Aim of the task
When you reach the line containing "McCoy Extra - 90%" in the entries below, begin reproducing lines exactly, and stop once the line containing "Men's Pearl Jewelry: Necklaces, Bracelets, &" is done.

Extracted data entries
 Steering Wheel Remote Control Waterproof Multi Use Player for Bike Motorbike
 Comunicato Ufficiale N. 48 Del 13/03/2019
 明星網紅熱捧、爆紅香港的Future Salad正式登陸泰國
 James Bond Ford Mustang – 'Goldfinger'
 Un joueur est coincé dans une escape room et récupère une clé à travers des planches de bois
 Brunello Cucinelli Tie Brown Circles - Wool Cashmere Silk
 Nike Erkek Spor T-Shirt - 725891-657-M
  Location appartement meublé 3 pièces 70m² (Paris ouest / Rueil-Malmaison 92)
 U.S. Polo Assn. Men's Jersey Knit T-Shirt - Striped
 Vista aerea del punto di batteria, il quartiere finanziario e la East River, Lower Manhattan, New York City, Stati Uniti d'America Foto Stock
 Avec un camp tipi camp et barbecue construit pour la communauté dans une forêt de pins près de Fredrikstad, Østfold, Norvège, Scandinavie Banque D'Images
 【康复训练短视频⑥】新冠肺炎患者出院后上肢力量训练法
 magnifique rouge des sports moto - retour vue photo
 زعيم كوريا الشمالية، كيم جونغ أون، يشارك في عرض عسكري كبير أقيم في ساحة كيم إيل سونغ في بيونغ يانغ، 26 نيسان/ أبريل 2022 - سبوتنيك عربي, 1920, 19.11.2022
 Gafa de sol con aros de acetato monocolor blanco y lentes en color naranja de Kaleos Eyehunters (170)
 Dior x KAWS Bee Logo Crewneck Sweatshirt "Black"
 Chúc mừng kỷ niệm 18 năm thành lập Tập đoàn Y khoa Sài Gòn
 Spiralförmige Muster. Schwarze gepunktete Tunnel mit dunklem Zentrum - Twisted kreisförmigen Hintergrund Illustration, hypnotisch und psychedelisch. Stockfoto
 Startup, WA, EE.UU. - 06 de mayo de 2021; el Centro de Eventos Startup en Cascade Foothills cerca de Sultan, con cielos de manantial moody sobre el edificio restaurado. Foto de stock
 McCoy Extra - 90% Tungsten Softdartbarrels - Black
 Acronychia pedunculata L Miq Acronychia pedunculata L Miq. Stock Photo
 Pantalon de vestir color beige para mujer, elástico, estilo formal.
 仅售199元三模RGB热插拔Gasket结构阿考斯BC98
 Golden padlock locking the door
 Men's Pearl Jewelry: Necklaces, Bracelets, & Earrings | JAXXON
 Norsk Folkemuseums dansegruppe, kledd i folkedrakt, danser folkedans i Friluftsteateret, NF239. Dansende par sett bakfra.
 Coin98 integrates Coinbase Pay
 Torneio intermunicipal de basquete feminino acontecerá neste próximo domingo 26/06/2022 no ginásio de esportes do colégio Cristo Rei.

Response below
 McCoy Extra - 90% Tungsten Softdartbarrels - Black
 Acronychia pedunculata L Miq Acronychia pedunculata L Miq. Stock Photo
 Pantalon de vestir color beige para mujer, elástico, estilo formal.
 仅售199元三模RGB热插拔Gasket结构阿考斯BC98
 Golden padlock locking the door
 Men's Pearl Jewelry: Necklaces, Bracelets, & Earrings | JAXXON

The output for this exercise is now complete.